If I decide to introduce this lesson in the next pharmacy communication class, I will encourage students to participate more in the lesson design.  I also think that with time my pharmacy students will get used to a less traditional learning environment, and they will adapt to new inquiry based teaching practices.


Herrington, J., Oliver, R., & Reeves, T.C. (2003).  Patterns of engagement in authentic online learning environments.  Australian Journal of Educational Technology, 19(1), 59-71.  Retrieved from http://www.ascilite.org.au/ajet19/herrington.html

Hoffman, B., and Ritchie, D. (1997).  Using multimedia to overcome the problems with problem based learning.  Instructional Science, 25, 97-115.

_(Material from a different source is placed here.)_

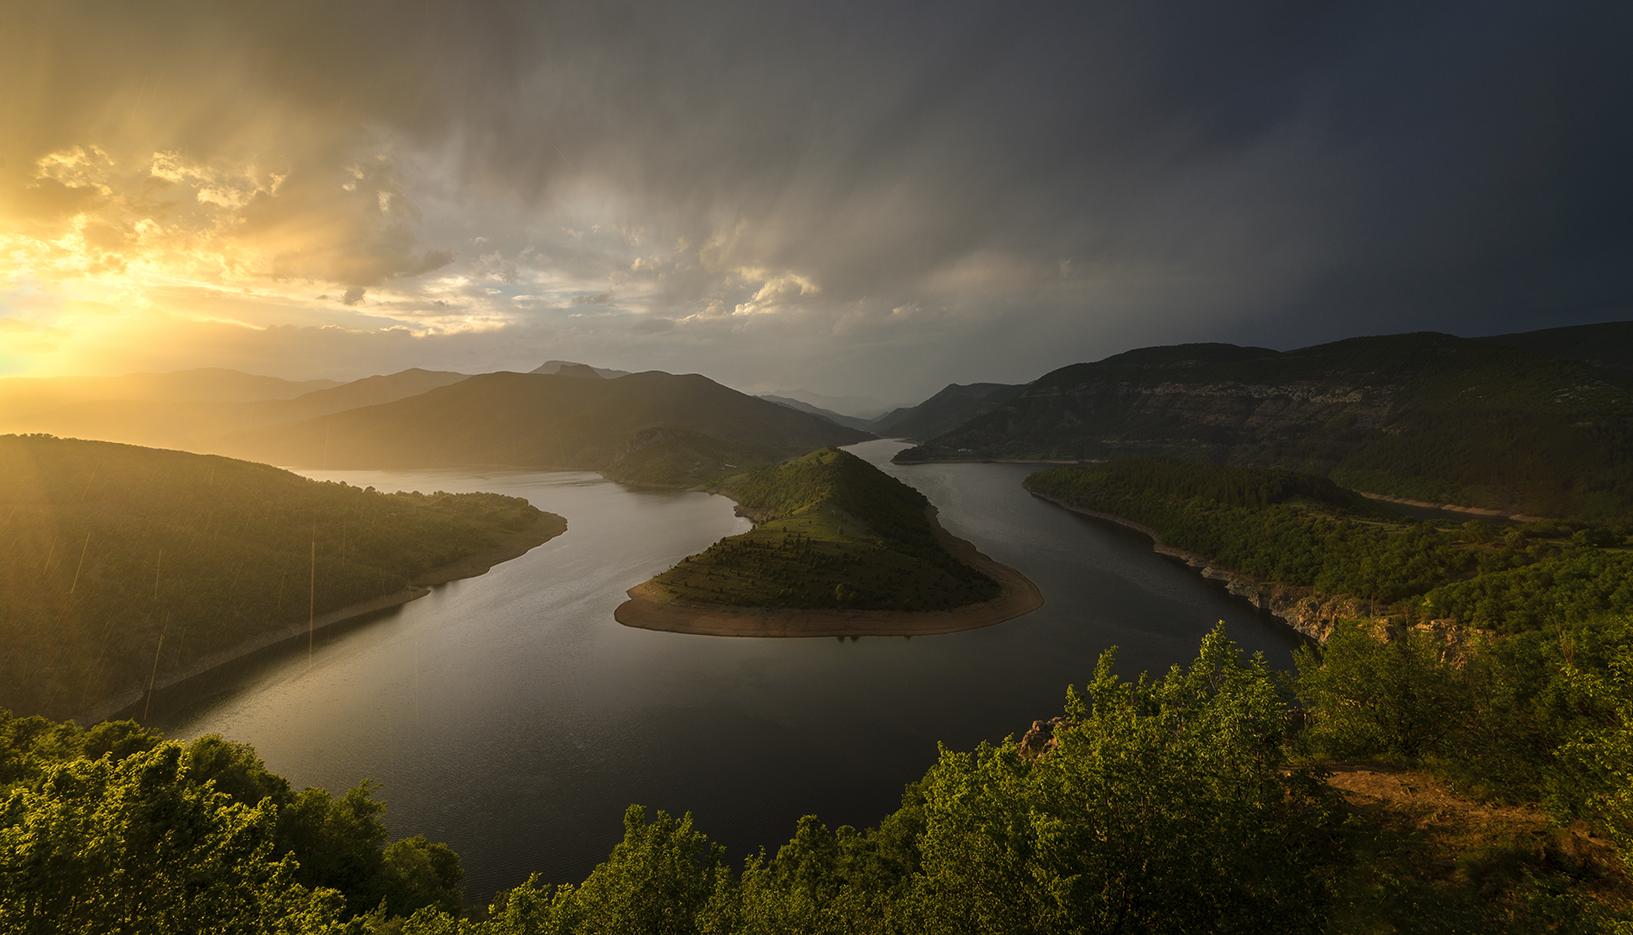 Дъждовен залез | Author Васил Анастасовски - backoa | PHOTO FORUM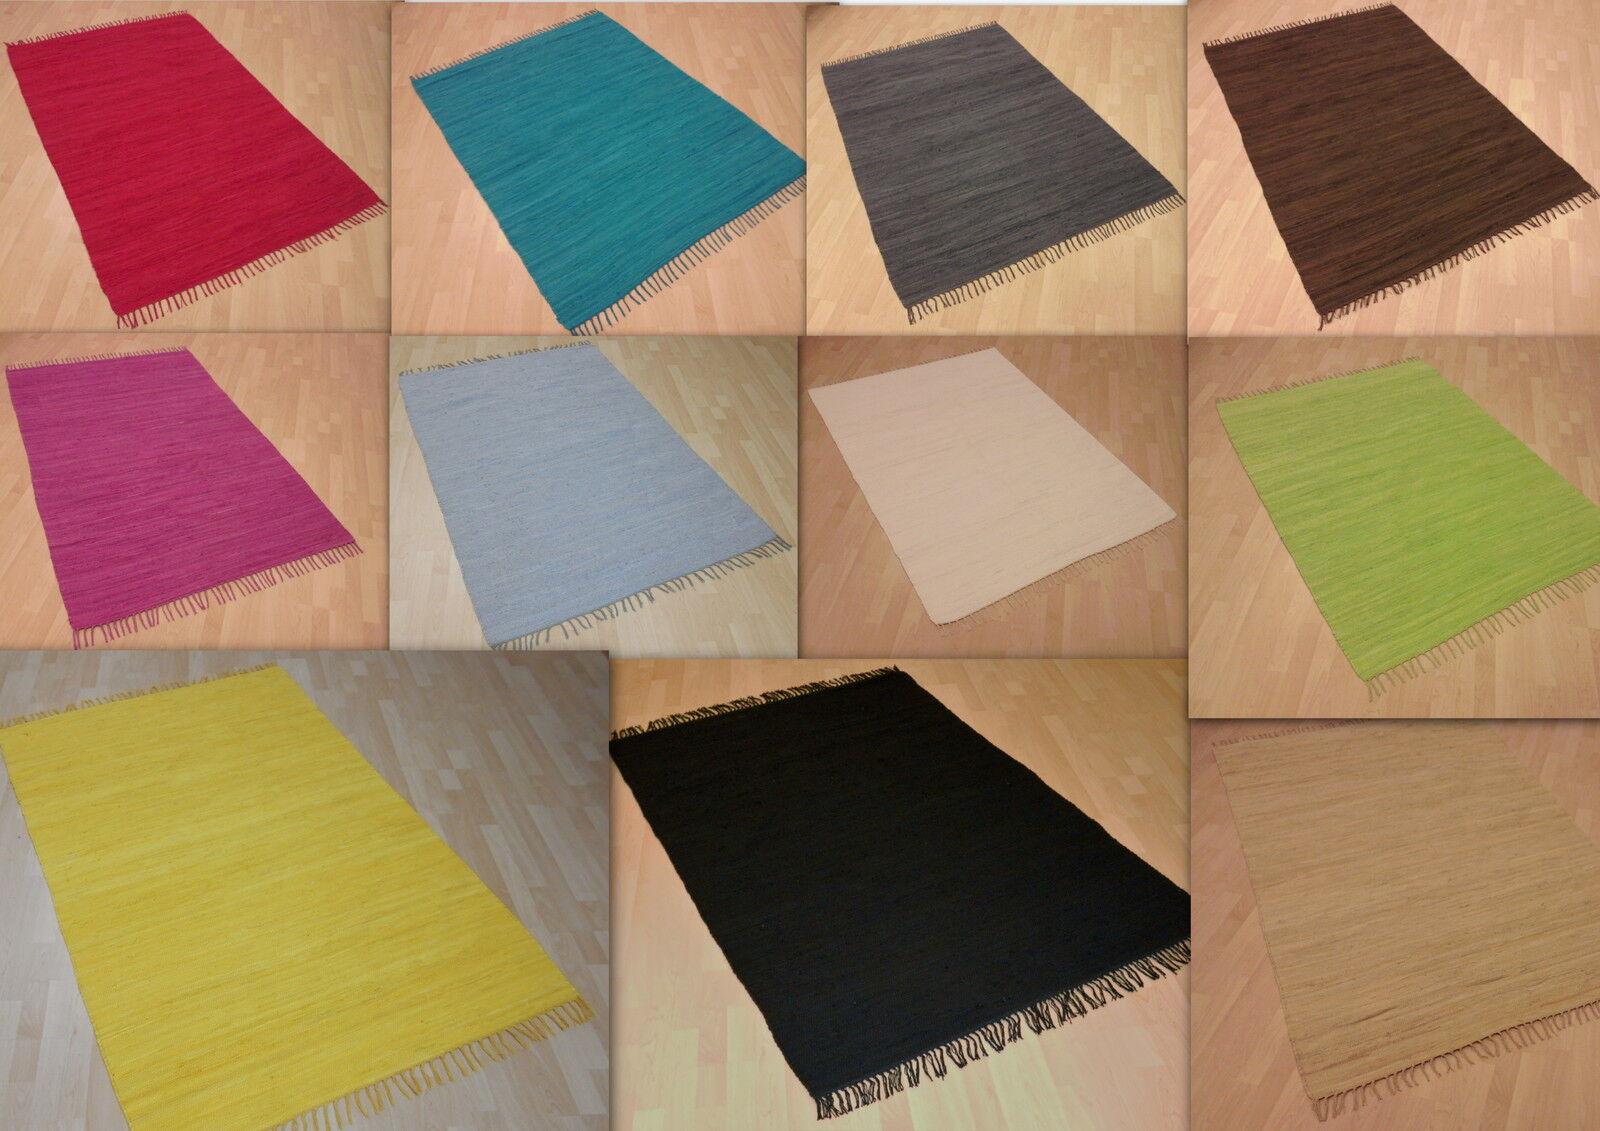 Teppich Fleckerl Fleckerlteppich Handwebteppich UNI Baumwolle Handweb Waschbar

Jonassen, D. (1991).  Evaluating constructivistic learning.  Educational Technology, 31(9), 28-33.

Newmann, F. M., and Wehlage, G.G. (1993).  Five Standards of Authentic Instruction.  Educational Leadership, 50(7), 8-12.  Retrieved from http://www.ascd.org/publications/educational-leadership/apr93/vol50/num07/Five-Standards-of-Authentic-Instruction.aspx

Petraglia, J. (1998a).  The real world on a short leash:  The (mis)application of constructivism to the design of educational technology.  Educational Technology Research and Development, 46(3), 53-65.

Taplin, M. (2000).  Problem-based learning in distance education:  Practitioners’ beliefs about an action learning project.  Distance Education, 21(2), 284-307.

Young, M.F. (1993).  Instructional design for situated learning.  Educational Technology Research and Development, 41(1), 43-58.